Kandis, you said NC & I had heard before the SCarolina plant---do you know which is correct?


----------



## edelweiss (Apr 23, 2010)

I copied this & it might help some of you decide if your food is good:
The below Diamond Pet Dry Dog Food Brands - To determine if what you have is
affected, you should check the production codes on the back of bags that
have a number "2" or a "3" in the 9th or 10th digit and an "X" in the 11th digit.
The best-before dates for the recalled brands are December 9, 2012 through
April 7, 2013. Please note- not all Diamond brands were produced on the affected plant manufacturing lines. Phillips receives products from numerous Diamond plants.


----------



## SammieMom (Nov 13, 2010)

edelweiss said:


> Kandis, you said NC & I had heard before the SCarolina plant---do you know which is correct?



*YOUR RIGHT *Sandi, it's the South Carolina plant in April's post. sorry all! :blink:


----------



## SammieMom (Nov 13, 2010)

edelweiss said:


> I copied this & it might help some of you decide if your food is good:
> The below Diamond Pet Dry Dog Food Brands - To determine if what you have is
> affected, you should check the production codes on the back of bags that
> have a number "2" or a "3" in the 9th or 10th digit and an "X" in the 11th digit.
> ...



Thanks Sandi.....your so sweet!


----------



## The A Team (Dec 1, 2005)

Good grief, I feed Natural Balance!

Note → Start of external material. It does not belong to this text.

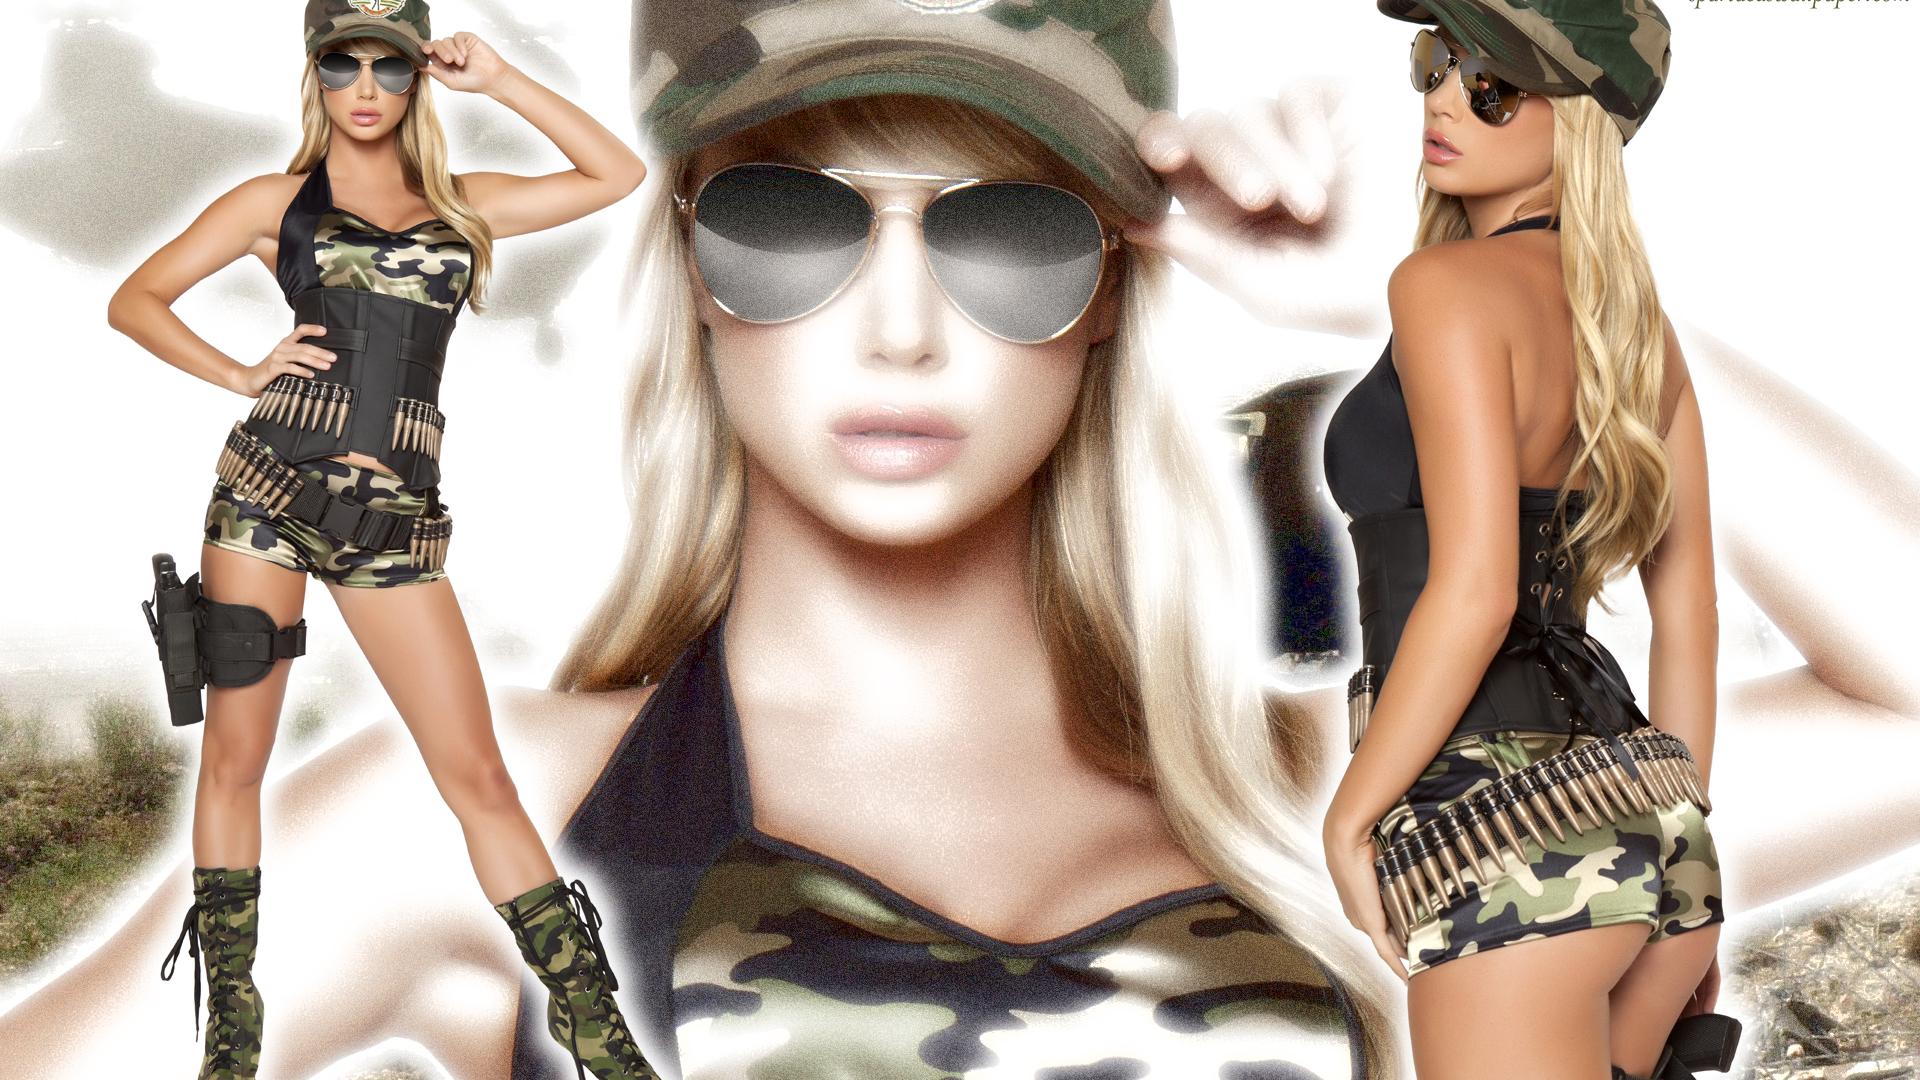 Free Download Sara Jean Underwood Il Desktop Backgrounds Mobile

And I'm just leaving for the weekend!! :w00t:

I'll check the info on my package on Monday when I get back. The bag is half gone and everyone seems ok......:thumbsup:


----------



## Summergirl73 (Sep 18, 2011)

We feed Bella the NB Limited Lamb & Brown Rice (5 lb bag). Fortunately her bags date doesn't fall in the time frame, but it certainly does not build confidence in the facility conditions! Ugggh.


----------